The survey organizes creation through attack models and generation techniques:

Reenactment: Face attributes are driven by another identity or signal. Expression reenactment uses eye/mouth/face regions; mouth reenactment drives mouth via audio signals or speech; pose/gaze/body reenactment manipulate spatial characteristics. Methods range from 3D morphable models to deep learning approaches (CycleGAN, pix2pix variants, recurrent networks for temporal coherence).

Replacement: Identity is swapped while preserving context. Transfer involves face transfer across outfits; Swap (face-swap) replaces identity while keeping expression. Technical approaches use encoder-decoder networks with identity disentanglement, variational autoencoders for attribute separation, and adversarial training to prevent identity leakage.

Editing & Synthesis: Content is added/altered/removed independently, or faces synthesized de novo. Editing modifies attributes (age, hair, ethnicity) or removes objects. Synthesis creates novel faces using StyleGAN, ProGAN, or other generative models. Approaches include facial action coding systems (FACS), 3D morphable models, and learned intermediate representations.

Technical background: Networks are constructed from building blocks: encoder-decoder networks, GANs (vanilla, conditional, progressive), recurrent architectures (LSTM, GRU), and specialized losses (perceptual, adversarial, L1/L2).
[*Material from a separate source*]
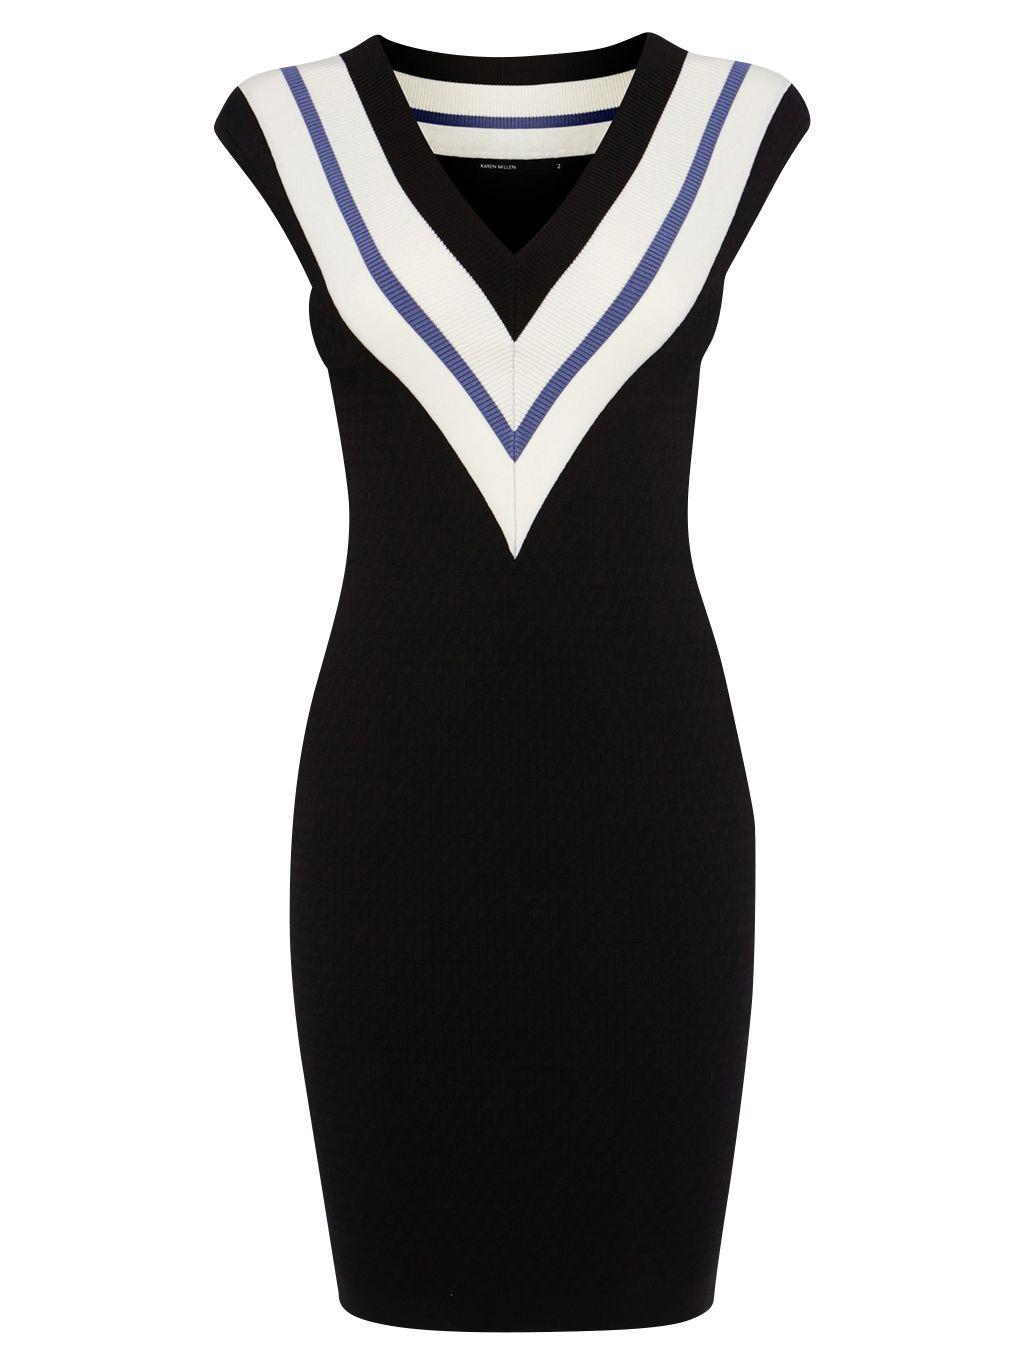 karen millen sporty knit dress dark blue, karen, millen, sporty, knit, dress, dark, blue, karen millen, 16|6-8|12-14|10, women, womens dresses, 1896125

Loss functions measure discrepancy at multiple levels: pixel-level (L1, L2), perceptual (VGG feature maps), adversarial (discriminator feedback), cycle-consistency.

Detection

The survey catalogs two broad detection strategies:

Artifact-specific approaches exploit imperfections in deepfakes: - Blending artifacts (spatial): discontinuities at face boundaries detected via edge detectors, frequency analysis, or neural learning - Forensic artifacts (spatial): GANs leave fingerprints in frequency domain, unique sensor noise patterns; analyzed via Laplacian pyramids, frequency-domain anomalies - Physiological signals (temporal): absent eye blinking, irregular heart rate variations, inconsistent head poses - Behavioral anomalies (temporal): lip-sync mismatches, unnatural facial motion, temporal flickering; detected via RNN/LSTM on frame sequences, optical flow prediction, synchronization metrics - Coherence artifacts (temporal): global inconsistencies in background, lighting, or head position during scene transitions; detected via spatial-temporal networks

Undirected approaches train classifiers without specifying artifacts: - Classification: CNNs (XceptionNet, EfficientNet) on individual frames; Siamese networks contrasting faces; hierarchical memory networks across temporal windows; ensemble methods combining multiple classifiers - Anomaly detection: Training on "normal" (real) data and flagging statistical outliers; one-class VAEs; reconstruction error-based scoring; attribute-based confidence metrics

Connections

Notes

Strengths: - Comprehensive coverage of both creation and detection with equal technical depth - Clear taxonomy and schematics of neural network architectures - Early survey (2020) capturing the state of the field before rapid 2021+ advances in face synthesis quality - Identifies open challenges (generalization, paired training, temporal coherence) that remain relevant

Weaknesses/Gaps: - Limited discussion of face-forensics datasets (FaceForensics++ mentioned but not deeply analyzed) - Detection methods surveyed are relatively shallow—limited coverage of state-of-the-art ensemble approaches or transformer-based detectors - Deepfakes in audio/speech and non-facial domains covered briefly; primarily faces - No systematic evaluation/ranking of detection methods by performance across datasets - Published early in the deepfake timeline—methods and datasets have proliferated significantly since 2020

Relevance to fake news wiki: This survey is central to understanding deepfakes as a misinformation and disinformation vector. While the wiki previously covered deepfakes detection papers and individual datasets, this comprehensive creation+detection survey provides the systematic foundation for understanding how adversaries create convincing synthetic media and how defenders can detect it. Critical for researchers building countermeasures and for policymakers understanding the technological capabilities and limitations.